◆ Aim of the task: The answer is to be the lines below that lie between the line holding "A woman in a" and the line holding "Gear System By", inclusive, transcribed exactly and free of pictures.

◆ Records shown:
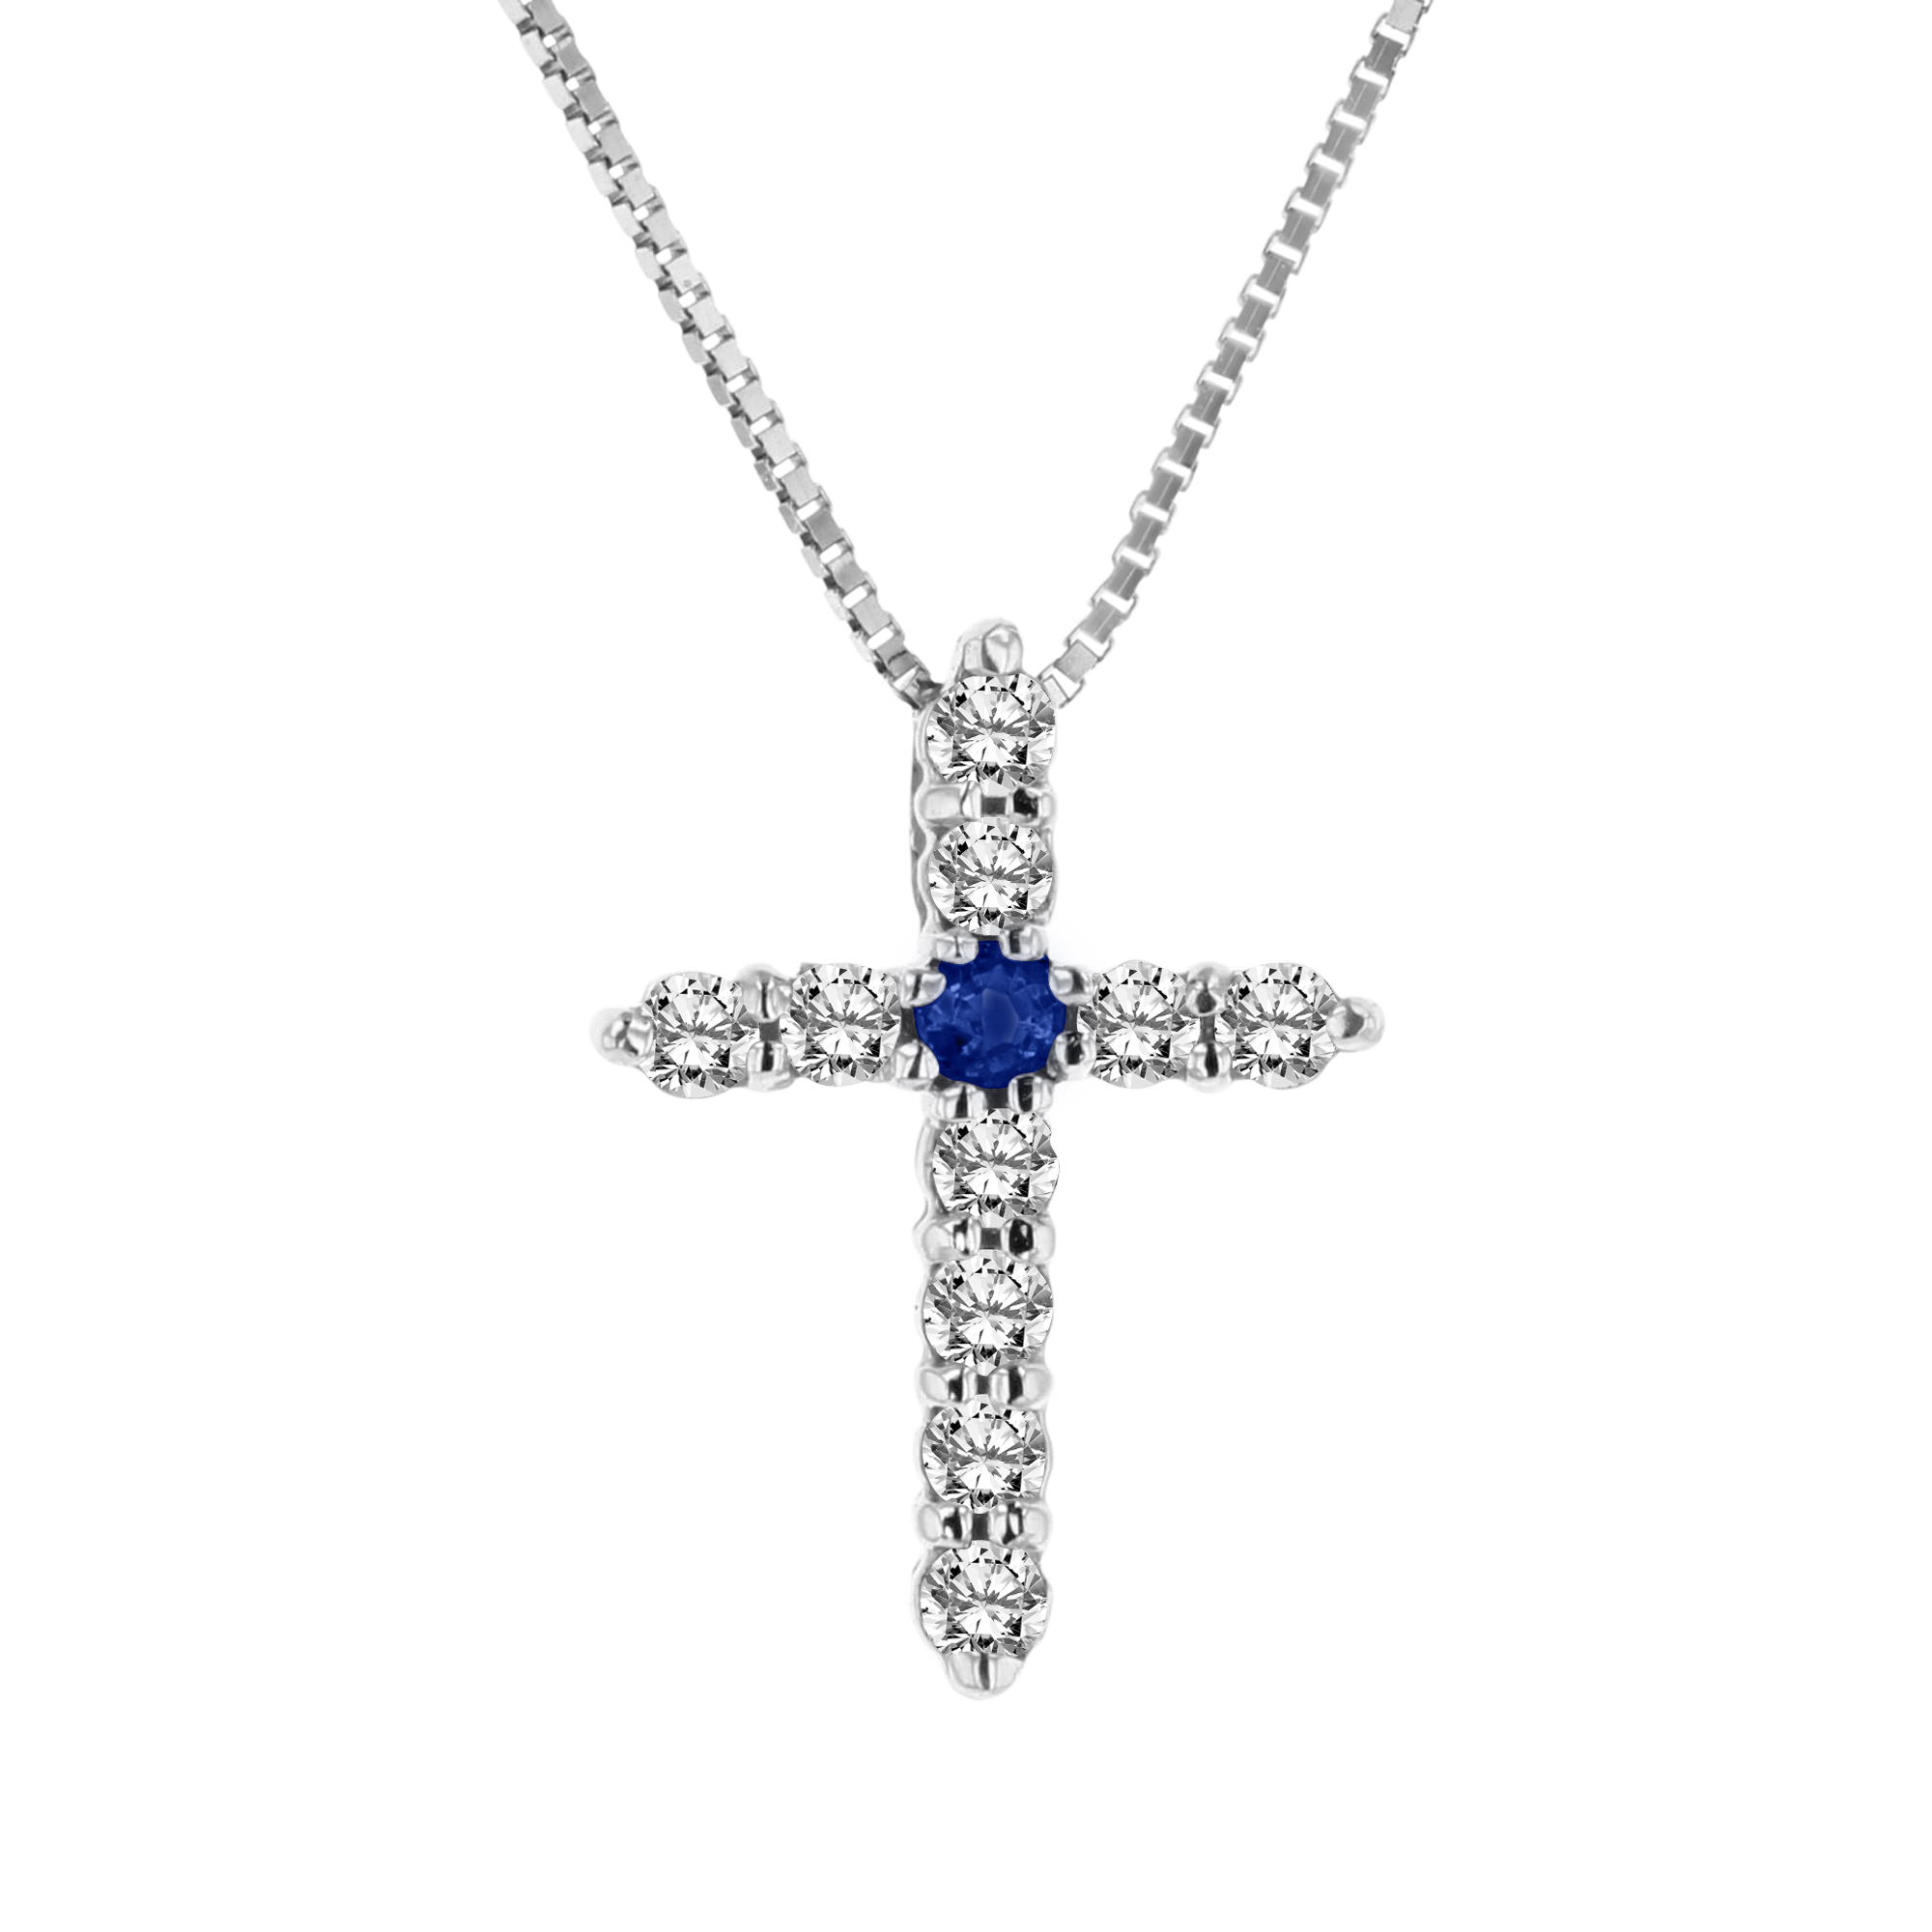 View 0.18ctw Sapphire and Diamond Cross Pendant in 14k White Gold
==
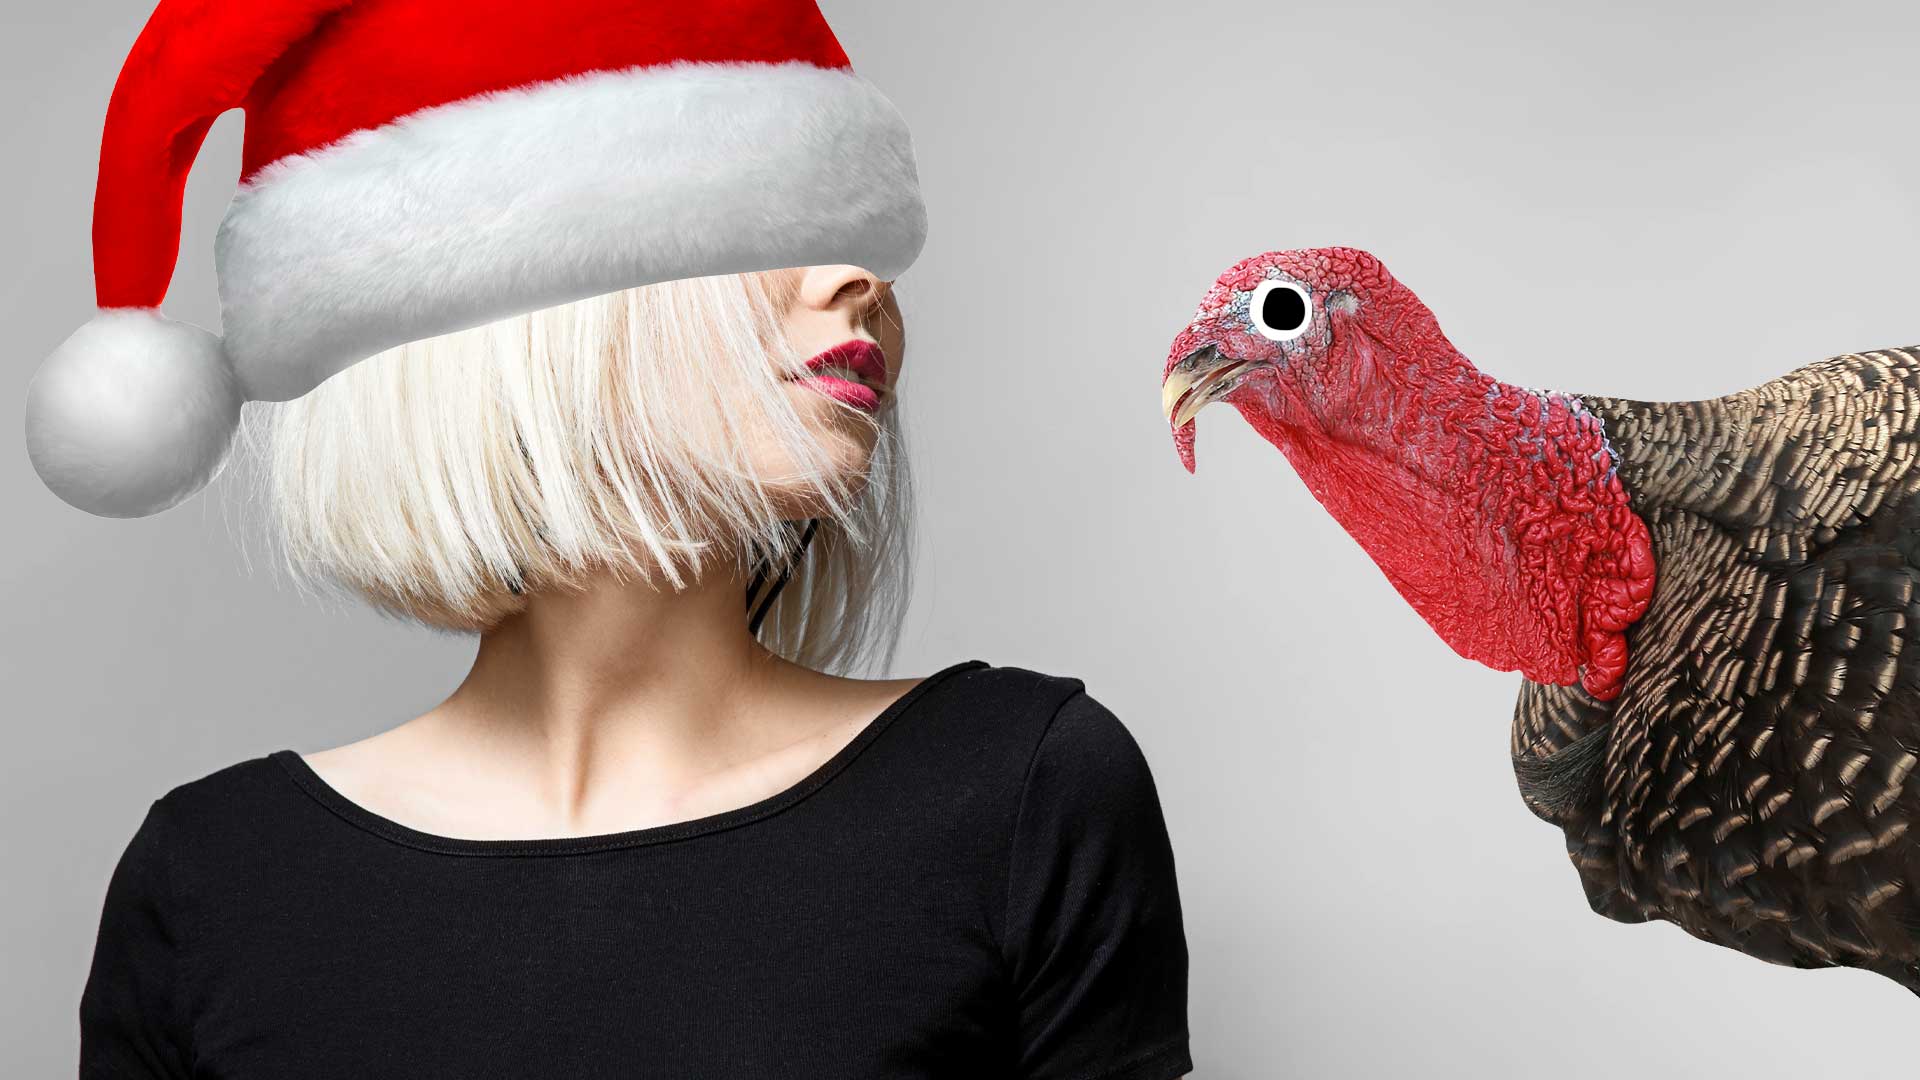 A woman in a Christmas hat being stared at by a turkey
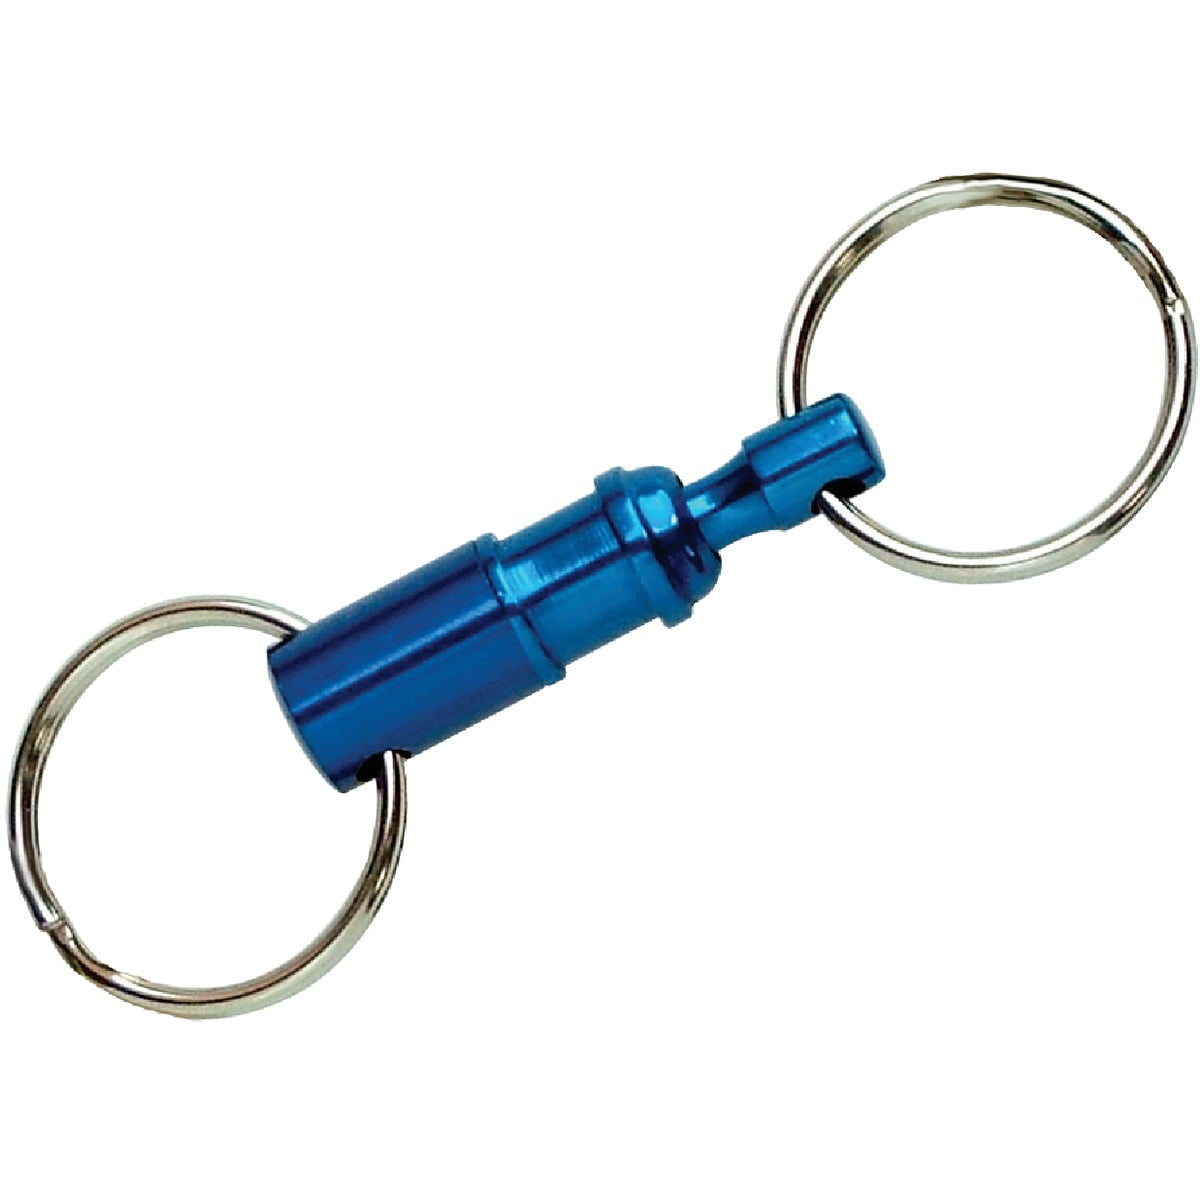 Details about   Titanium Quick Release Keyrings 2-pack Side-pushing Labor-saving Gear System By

◆ Answer for this exercise:
 A woman in a Christmas hat being stared at by a turkey
 Details about   Titanium Quick Release Keyrings 2-pack Side-pushing Labor-saving Gear System By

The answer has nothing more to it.